A power supply is one of those parts that tends to wear out over time and may not always provide the expected performance. From what I understand, Nvidia needed a 750 watt power supply. However, at that stage, I think it should still function, though you might be near its limits.

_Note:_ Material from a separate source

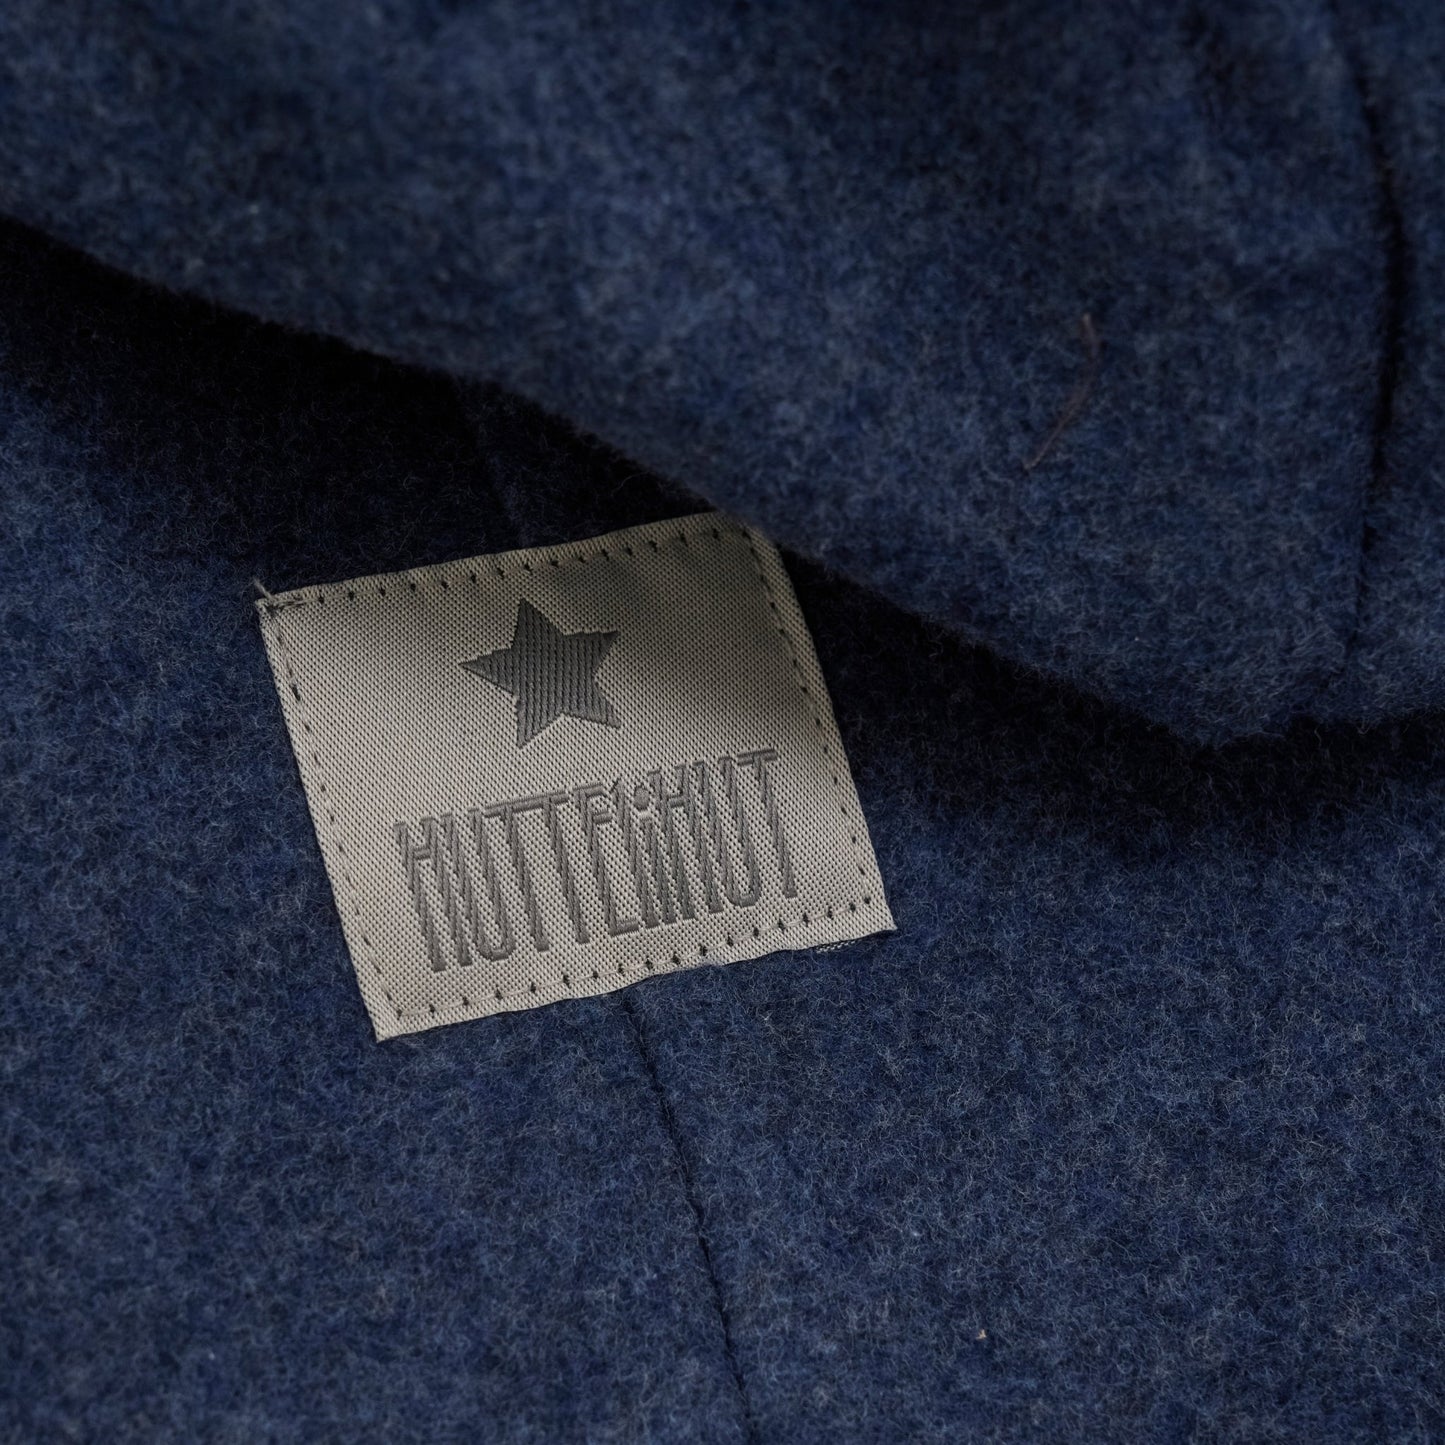 HUTTEliHUT - Pram Suit Ears Cot. Fleece (S) Color: 7790 Navy Melange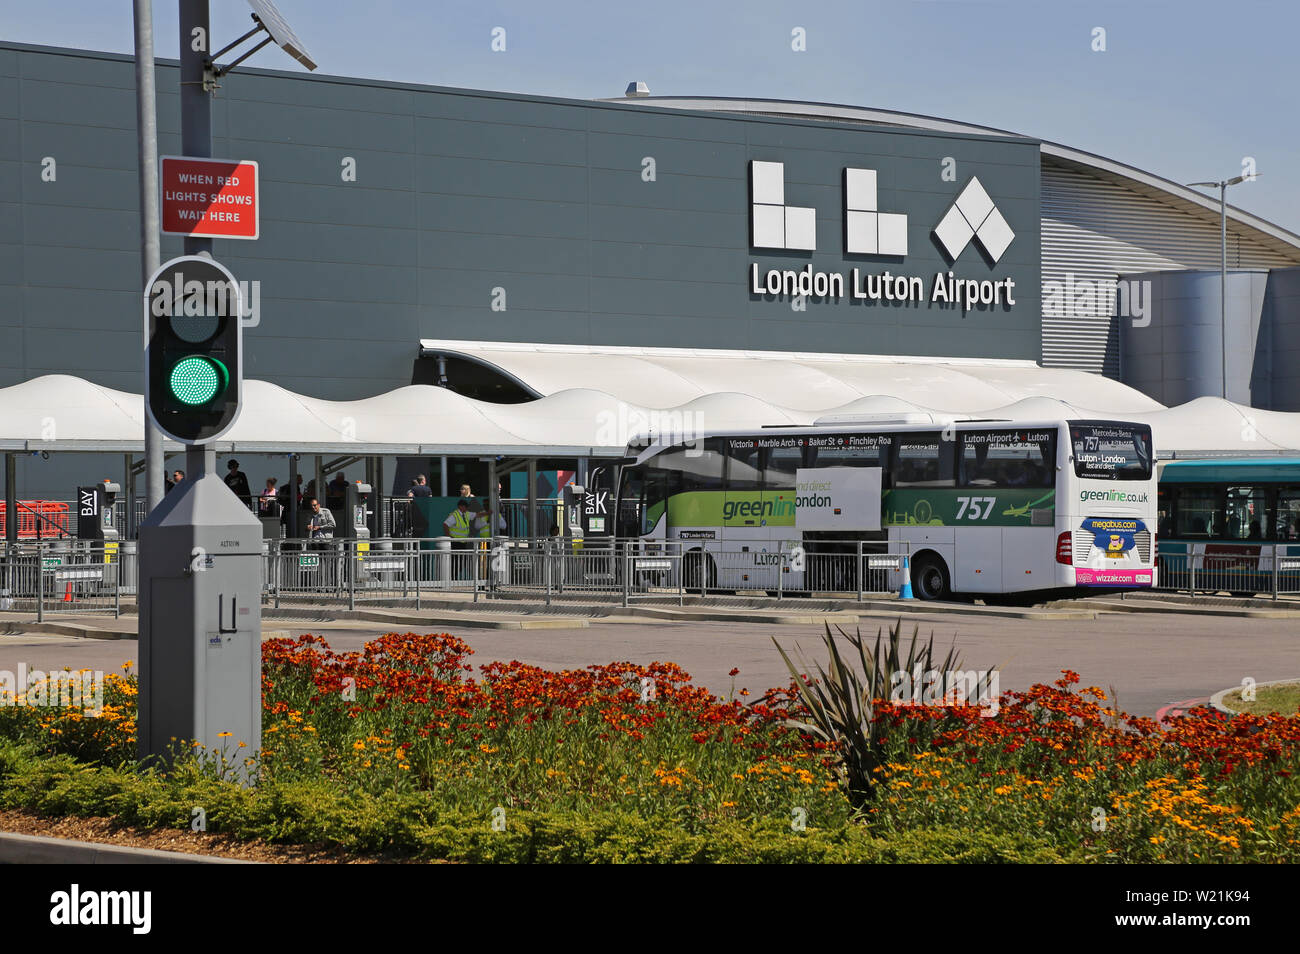 Dall' Aeroporto di Luton a Londra. Il passeggero drop-off, area e la stazione degli autobus di fronte all'edificio del terminal principale - con nuovo logo (estate 2019) Foto Stock

For instance, when I purchased my 7900xtx last year, even though it needed an 800 watt unit and I had an 850 watt PSU, I upgraded to a 1200 watt model. Initially, I planned for a 1000 watt unit, but Newegg offered a tier A rated 1200 watt Thermaltake for a similar price to the others I considered. Personally, I tend to increase the power supply slightly. Because components naturally degrade and can struggle to maintain the same output when pushed to their limits, it’s wise to consider upgrading. Also, opting for a higher wattage unit could accommodate future upgrades you might want to make.
It might be useful to check the warranty of the PSU you had and request an RMA if needed, so you can either keep a spare or return the old one for another purchase.